Японский воин в доспехах притаился в темном углу — точно так же, как и сам комендант во время их первой встречи. Широкий козырек шлема скрывал черные глазницы, усы топорщились весьма реалистично. Казалось, он стоит на страже, охраняя дверь позади себя. На двери не было номера, но поскольку другой двери поблизости не оказалось, Джеральд решил, что это и есть комната номер один. Чуть дальше в пустом, тускло освещенном коридоре виднелось окно с допотопной подъемной рамой, которая вибрировала от оглушительного рева колоколов.

Джеральд постучал.

Если ему и ответили, ответ заглушили колокола; поэтому он постучал снова. Не дождавшись ответа и после третьего стука, он осторожно открыл дверь. Ему необходимо было узнать, могут ли они рассчитывать на благоприятный исход, если Фринна и он запрутся в своем номере до рассвета. Он заглянул в комнату и перестал дышать.

Свет не горел, но шторы, если они имелись, были отдернуты с единственного окна, и нижняя рама поднята до упора. Бой колоколов проникал в каждую клеточку, и среди всего этого грохота в полумраке на полу стоял на коленях комендант, на его коротких седых волосах мерцал призрачный свет безлунной ночи, а голова лежала на подоконнике, как на гильотине. Он закрыл лицо руками, но не полностью, и Джеральд увидел его выражение. Возможно, он неправильно его истолковал — кто-нибудь мог назвать его исступленным, но Джеральду показалось, что на его лице застыла мученическая гримаса. Она напугала его больше, чем все остальное.

Внутри комнаты колокола ревели, как разъяренные львы.

Он долго стоял, не в силах пошевелиться, и не мог понять, знает ли комендант о его присутствии. Во всяком случае, прямой реакции не последовало, однако пару раз он вздрогнул и дернулся в сторону Джеральда, как человек, которого потревожили во сне. Джеральд терзался сомнениями по поводу книги; в конце концов он решил ее оставить главным образом потому, что сама мысль о ней была ему неприятна. Он на цыпочках прошел вглубь комнаты и положил ее на едва различимый в темноте деревянный сундук, стоявший около простой металлической кровати, другой мебели в комнате не было.

Он недолго отсутствовал, но миссис Паскоу этого времени хватило, чтобы снова начать пить. Она закончила уборку только наполовину или, скорее, оставила комнату в полубеспорядке и теперь сидела у камина, поглощая виски из темного стакана. Фринна еще не допила свой «Овалтин».

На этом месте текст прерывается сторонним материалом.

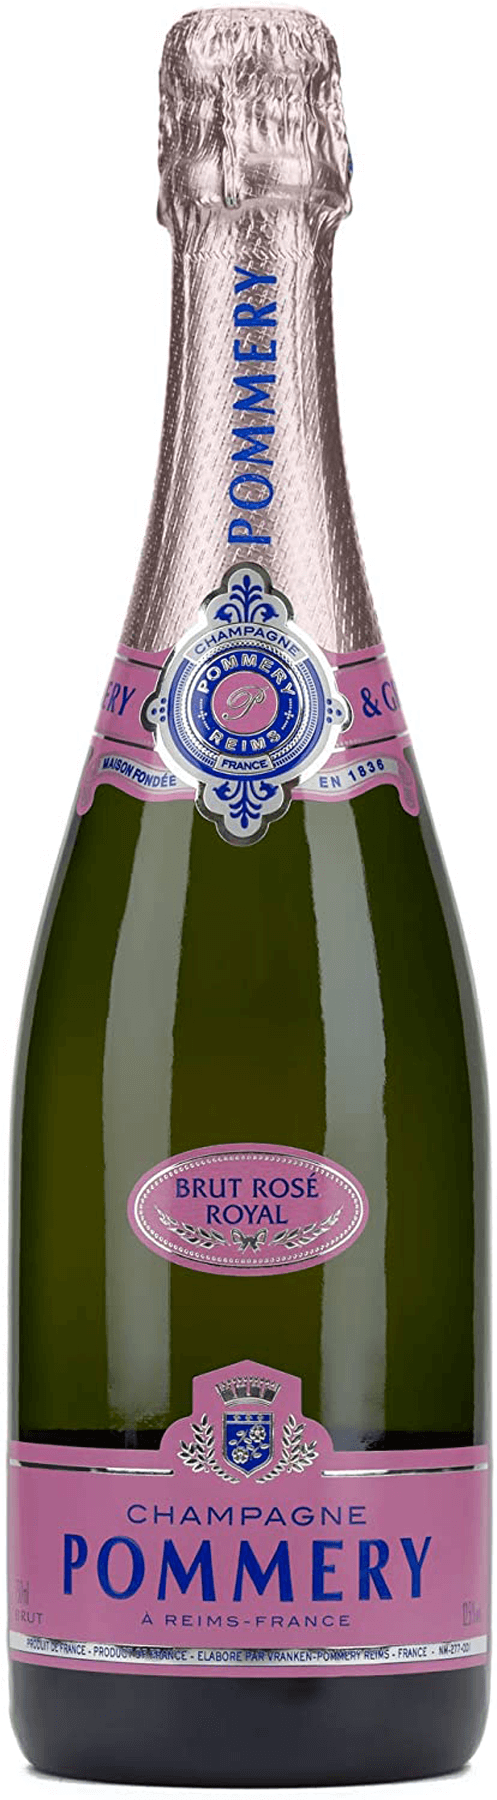 Liter 0,75 Rose Royal Champagner Brut Pommery

— Сколько еще будут звонить колокола? — спросил Джеральд, входя в вестибюль. Он решил, что они обязательно должны уехать. Под предлогом невозможности заснуть.

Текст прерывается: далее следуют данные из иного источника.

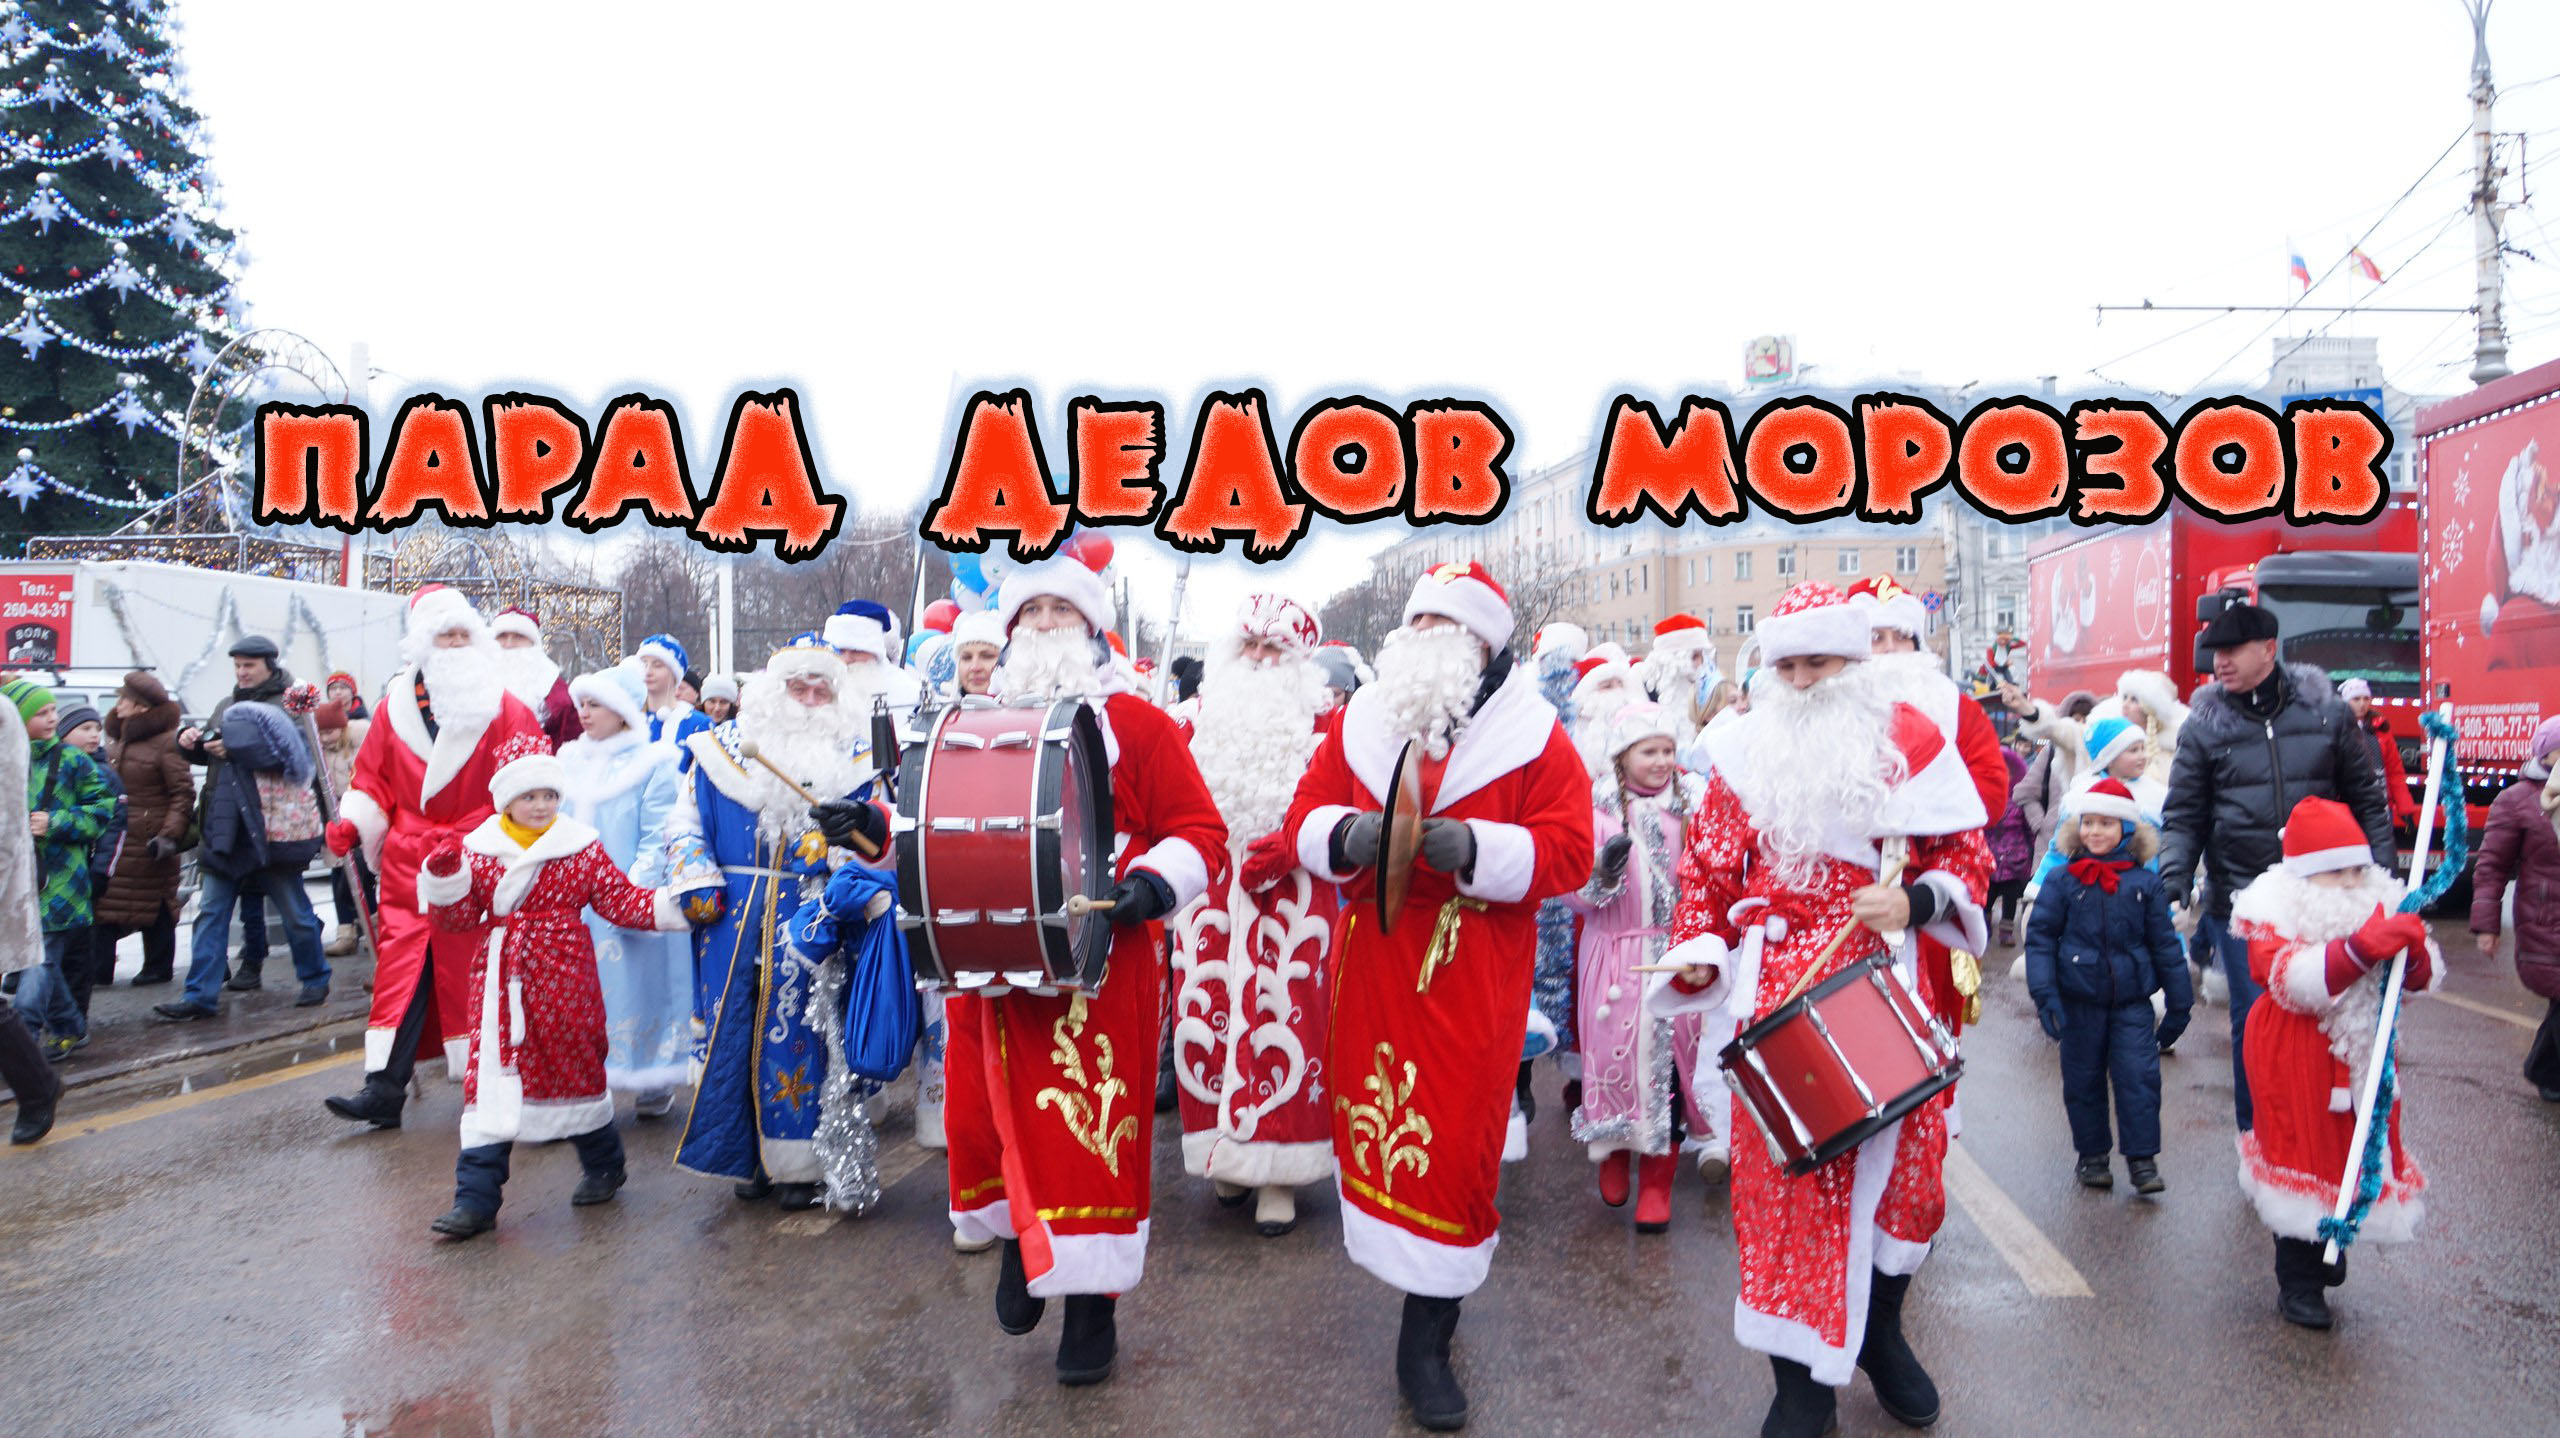 Парад дедов морозов в Пятигорске, городская сцена и награждение победителей, зажжение городской елки

— Вряд ли миссис Паскоу знает больше, чем мы, — ответила Фринна.

— Прежде чем принимать бронь, вы должны были предупредить нас об этом… ежегодном событии.

Миссис Паскоу отпила еще виски. Джеральд подозревал, что она пьет его неразбавленным.

— Никто не знает заранее, когда оно произойдет, — хрипло сказала она, глядя в пол.

— Мы здесь не останемся, — разозлился Джеральд.

— Милый!

Фринна схватила его за руку.

— Предоставь это мне, Фринна. — И обратился к миссис Паскоу: — Разумеется, мы заплатим за номер. Будьте добры, закажите нам машину.

Теперь она уставилась на него неподвижным взглядом. Когда он заговорил о машине, она коротко хохотнула. Потом ее лицо изменилось. Она сделала над собой усилие и сказала:

— Знаете, вам не стоит воспринимать коменданта всерьез.

Фринна бросила быстрый взгляд на мужа. Виски у миссис Паскоу кончилось, и она с шумом поставила пустой стакан на каминную полку.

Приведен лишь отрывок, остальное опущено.